Source information

****************

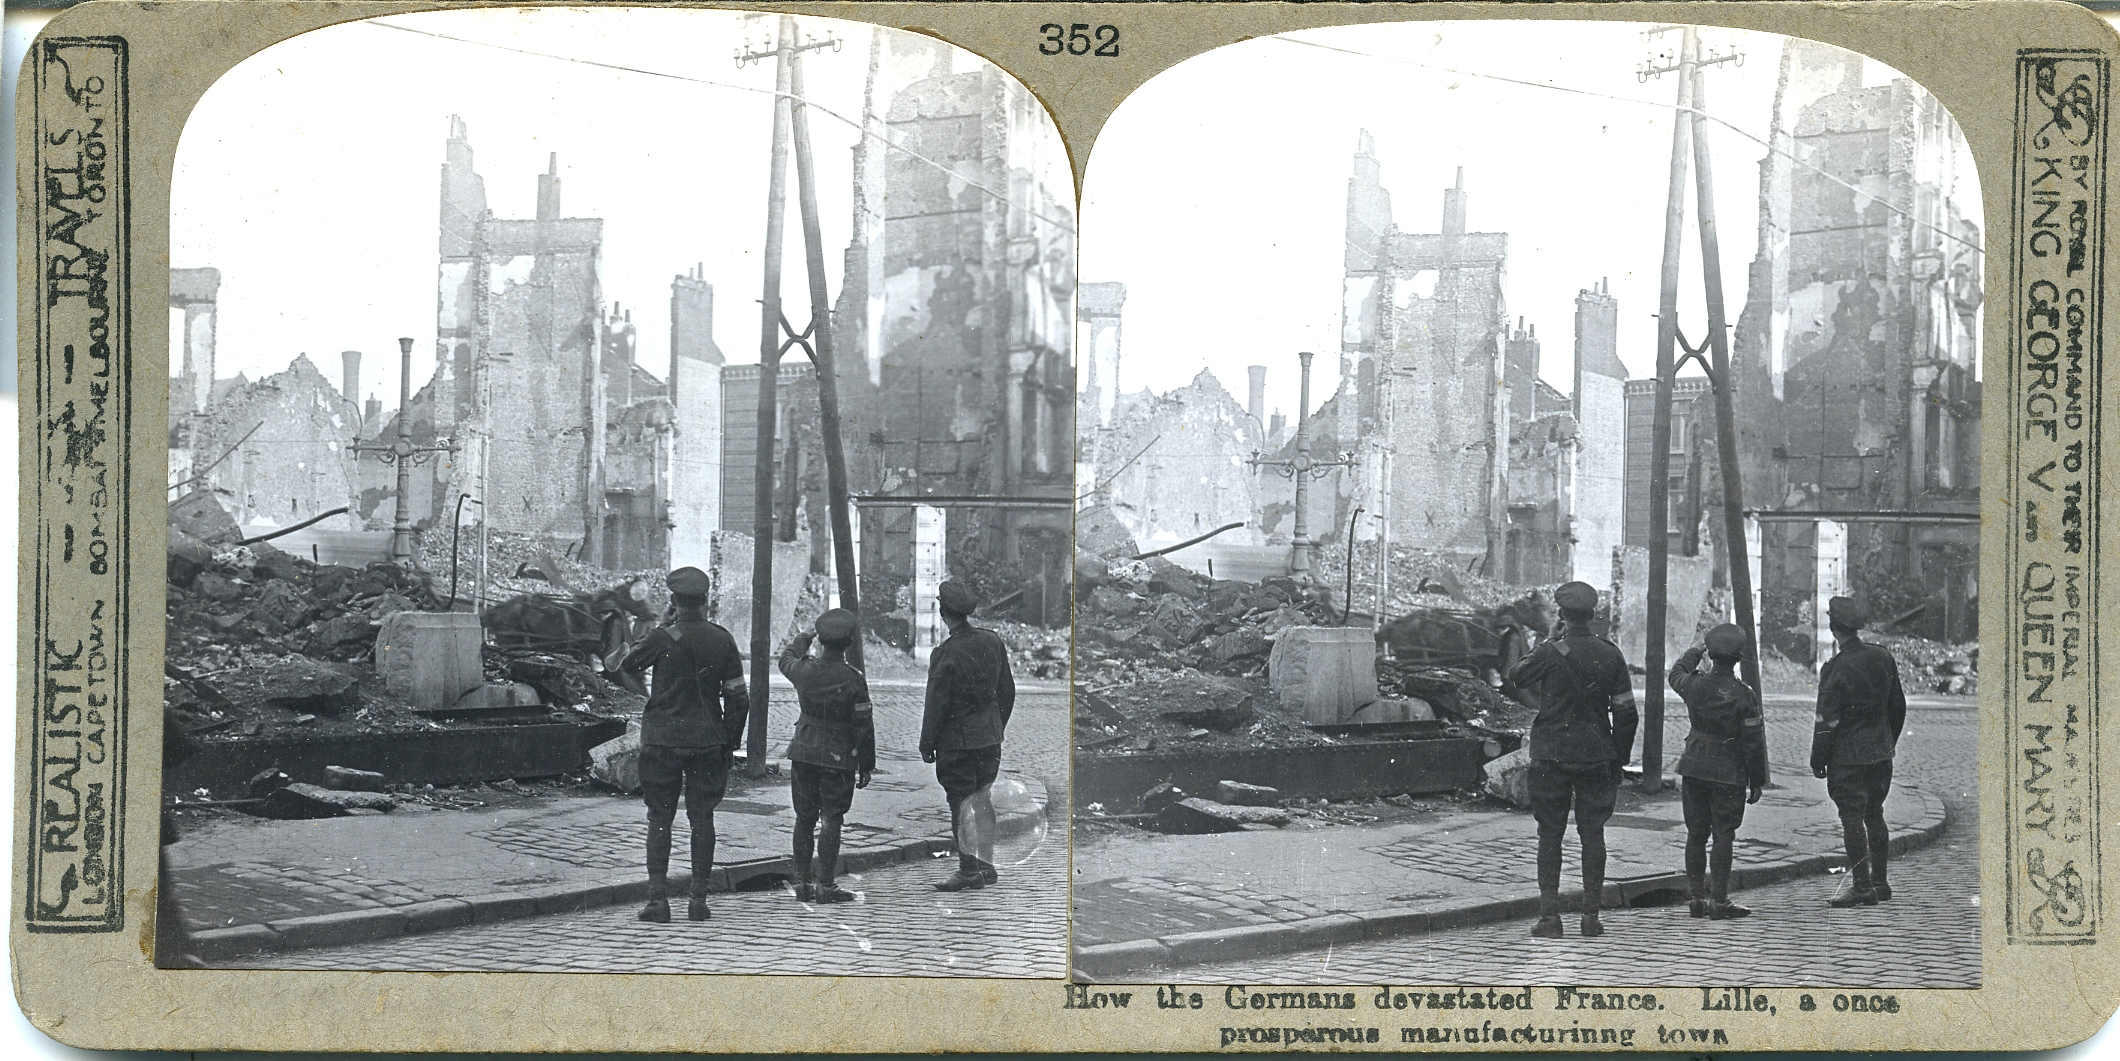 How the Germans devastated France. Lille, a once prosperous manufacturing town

****************

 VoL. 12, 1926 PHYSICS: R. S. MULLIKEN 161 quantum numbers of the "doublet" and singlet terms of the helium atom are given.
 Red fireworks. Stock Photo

****************

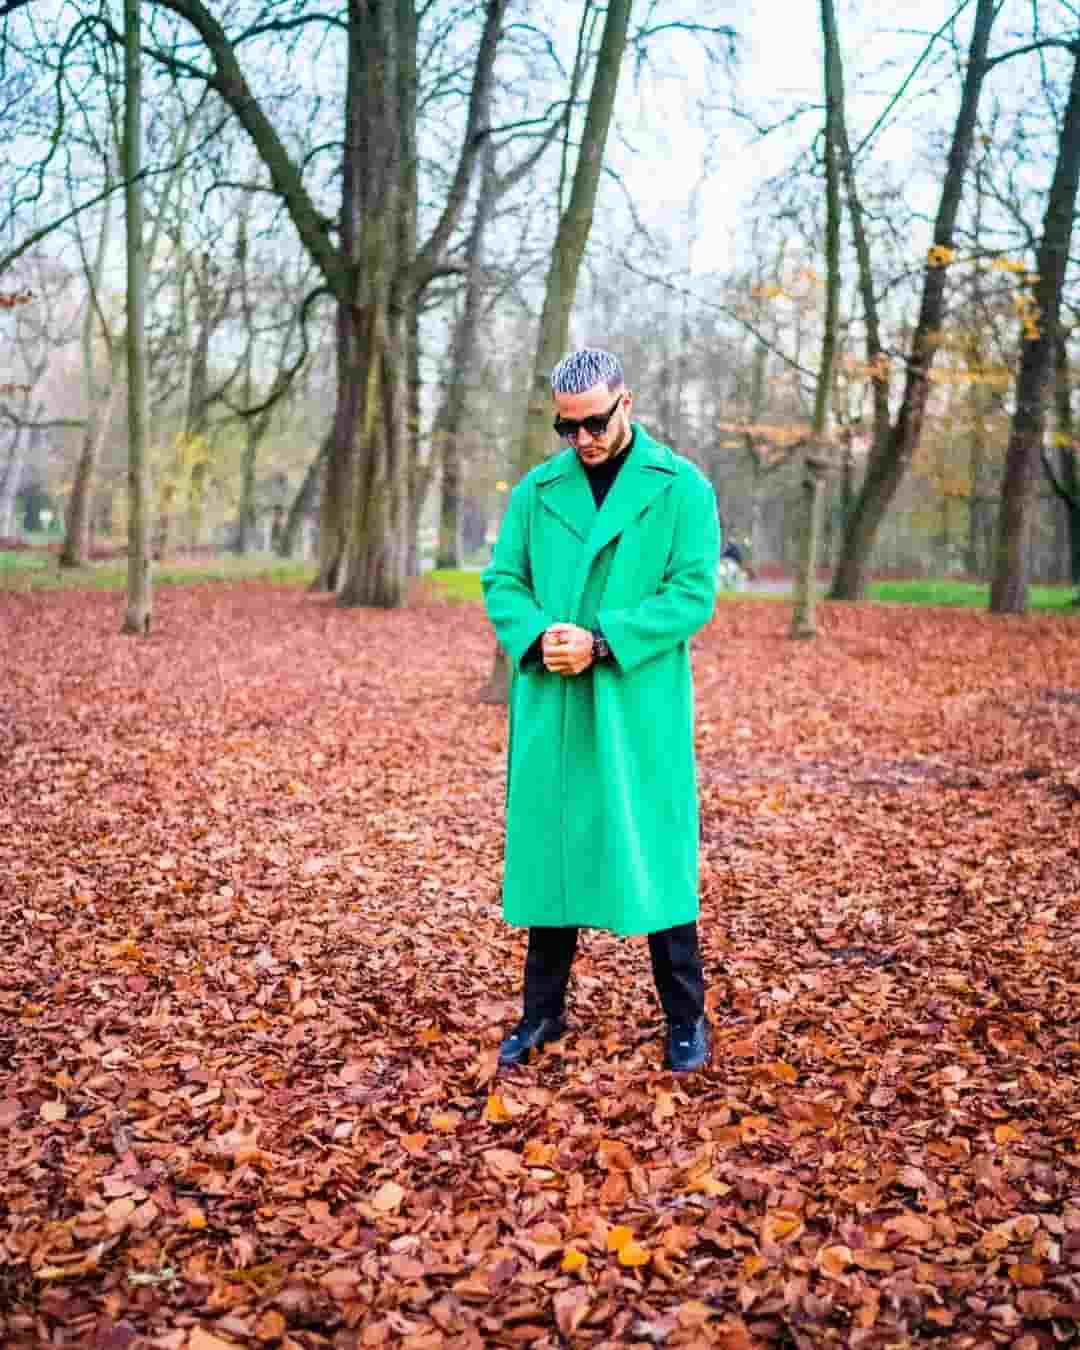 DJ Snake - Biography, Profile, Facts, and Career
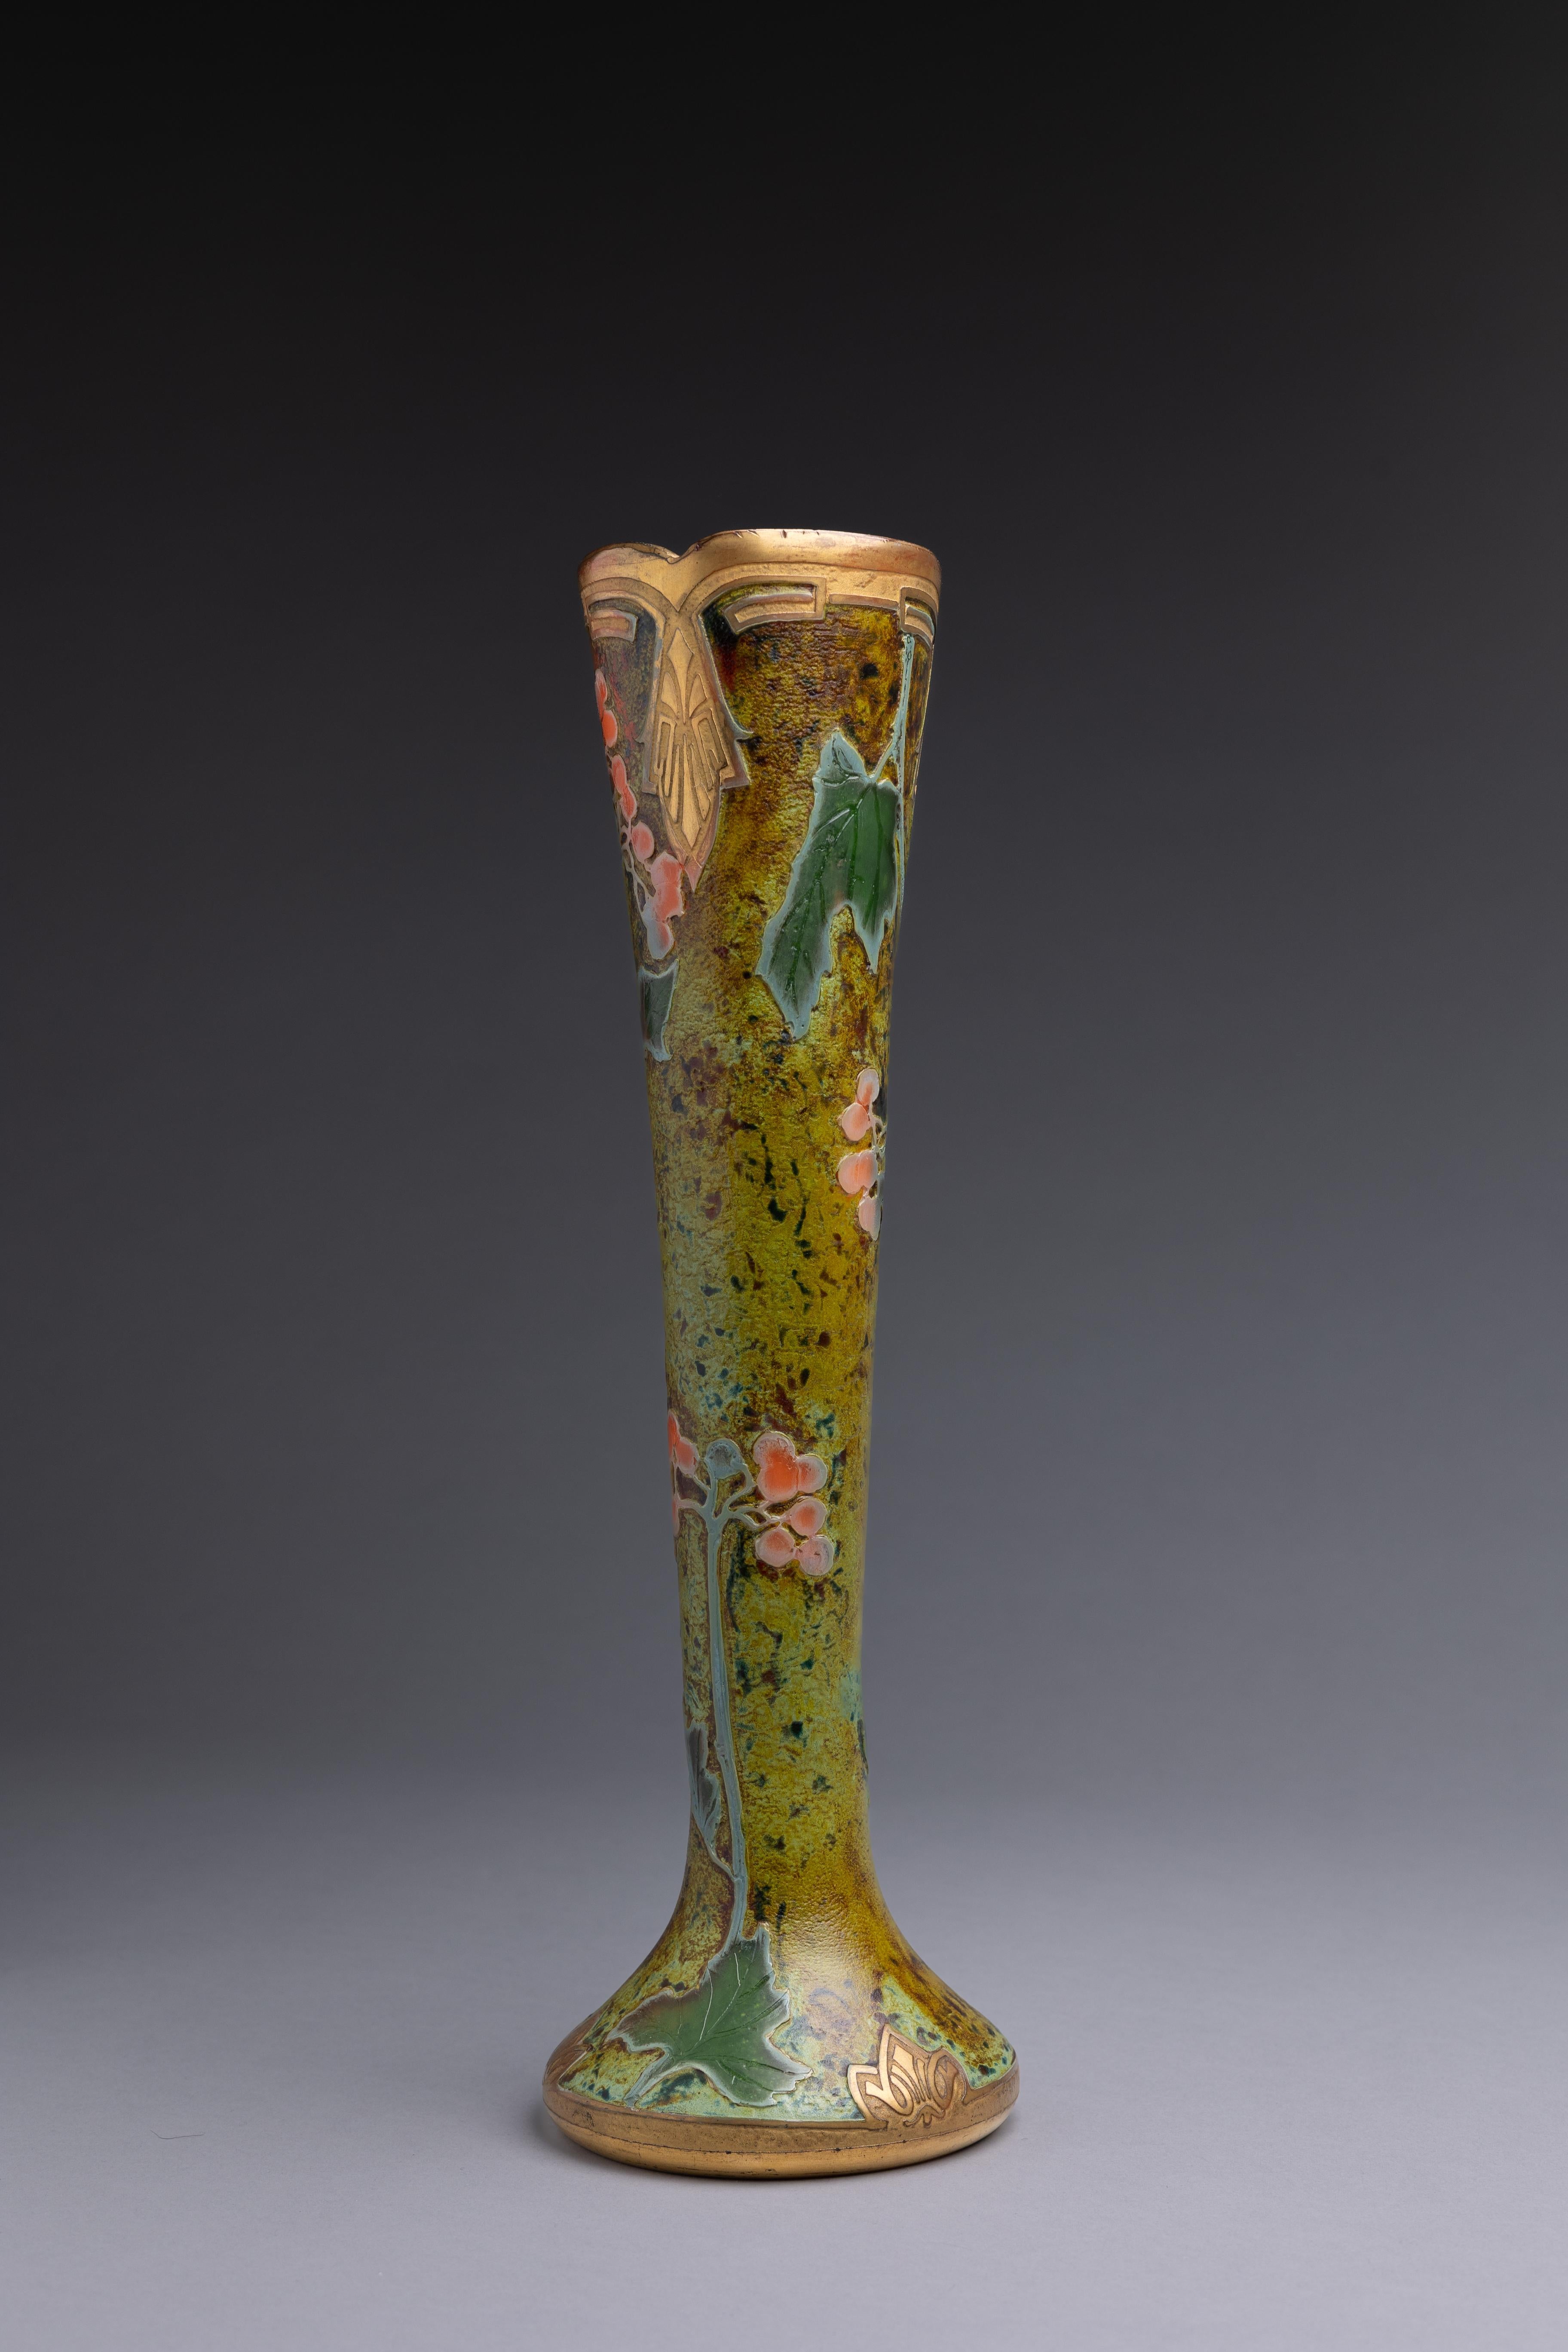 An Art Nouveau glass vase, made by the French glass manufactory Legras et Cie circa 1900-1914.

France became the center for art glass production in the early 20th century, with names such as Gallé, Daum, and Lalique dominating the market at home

****************

Write out exactly the lines above from the line with "VoL. 12, 1926" through the line with "Red fireworks. Stock Photo", both of them included, and leave out all other lines.

 VoL. 12, 1926 PHYSICS: R. S. MULLIKEN 161 quantum numbers of the "doublet" and singlet terms of the helium atom are given.
 Red fireworks. Stock Photo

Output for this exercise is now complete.